Under a whole solar system of warmly illuminated planets, we got our first glimpse of Matthieu Blazy’s Chanel. It was obvious that he was thinking big for his debut. After a short but perfect tenure at Bottega Veneta, where the world learned his name and witnessed his sartorial alchemy, Blazy’s ascendancy to the top of Chanel brought a renewed excitement to one of the world’s most popular brands. But with that came a certain challenge: Where do you begin? Even those without an interest in fashion can spot Chanel’s house icons — the tweed jackets, the double-C emblem, the little black dress. Blazy had to not only win over the fashion pack but the rest of the universe, too. Suddenly, the planets made sense.

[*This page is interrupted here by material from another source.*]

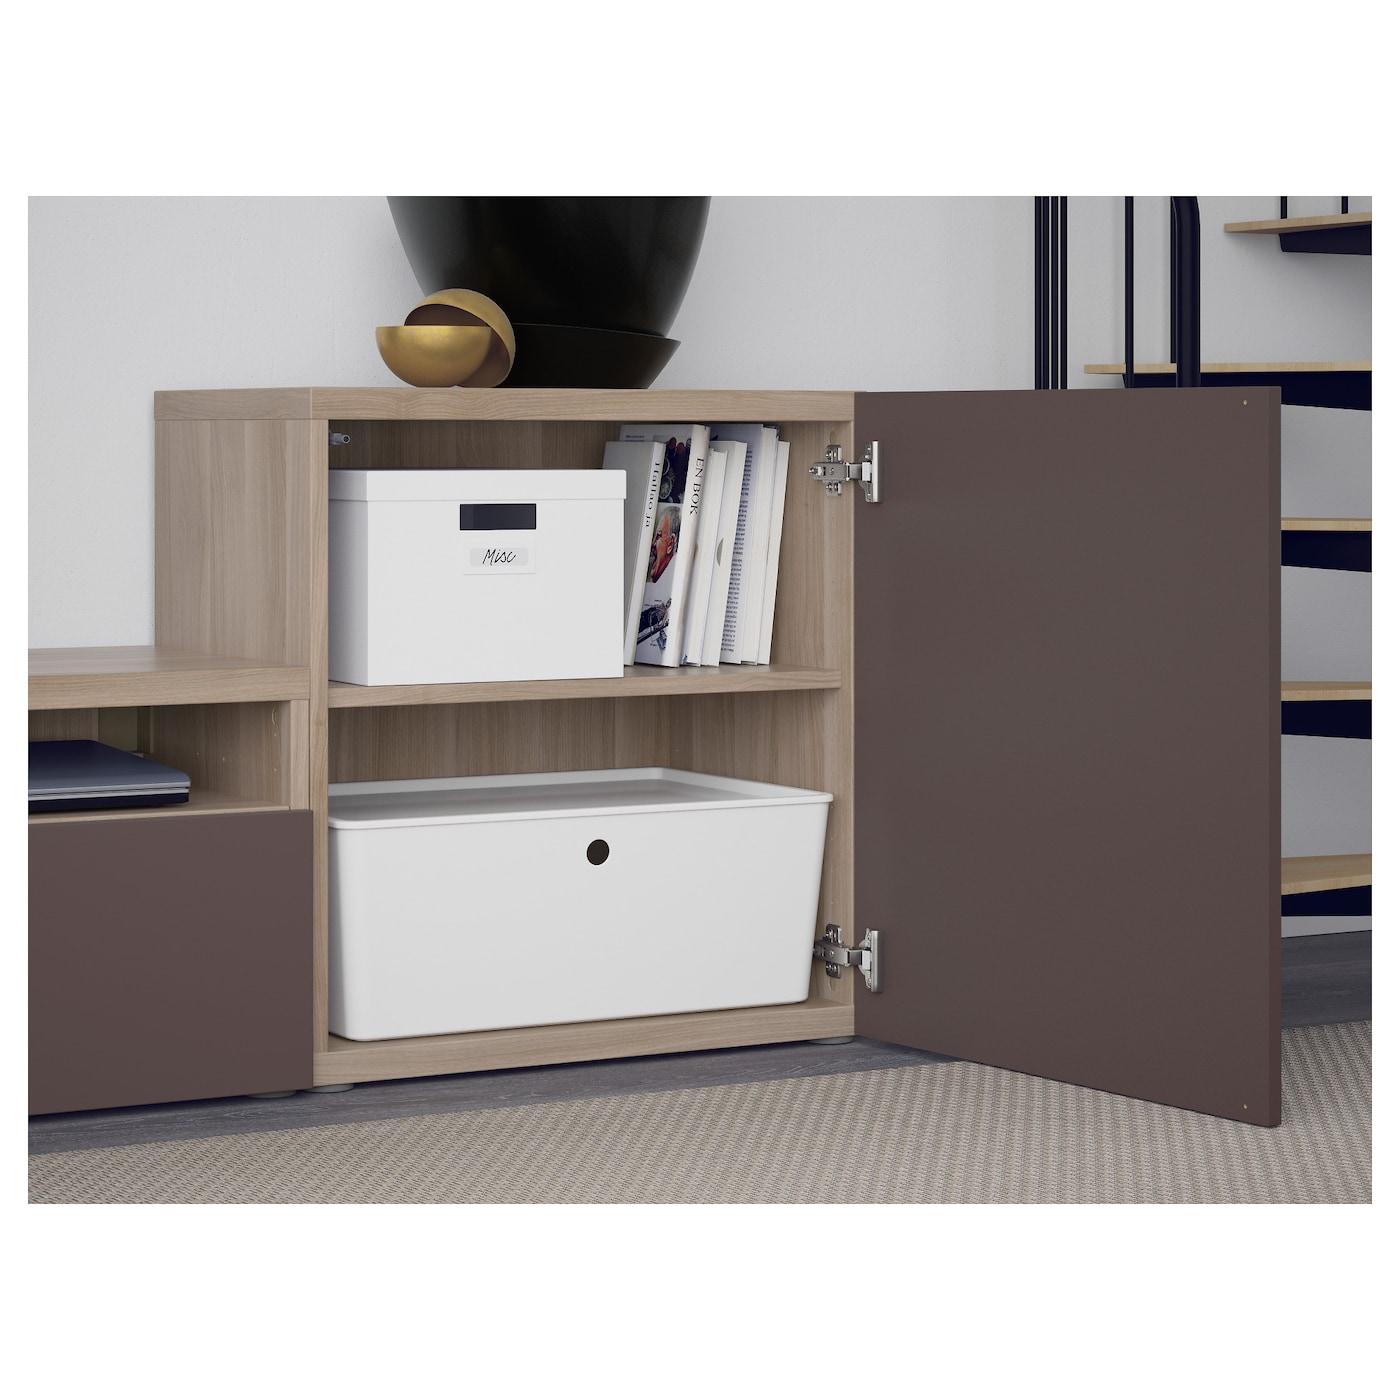 Best mueble tv con almacenaje efecto nogal tinte gris valviken vidrio transparente marr n 300 x - Muebles almacenaje ikea ...

In a move that felt typically Blazy, his first look for Chanel was distinctly masculine — a two-piece houndstooth set, a slightly loose but pleated trouser with a cropped jacket, buttoned closed, with rolled-up cuffs. For a house that has famously never produced menswear, it was bold. In the show notes, Blazy spoke of bringing “Chanel proportions” to masculine silhouettes. The tweed suits, because there had to be tweed suits, were remixed and remodelled. Some were given frayed edges, some were rendered to resemble burlap, some looked completely inside-out, and some had exaggerated round shoulders. The brilliance of Blazy’s debut lies in the fact that he’s managed to bring so much of himself to Chanel, whilst also keeping the unique language of the French house totally intact.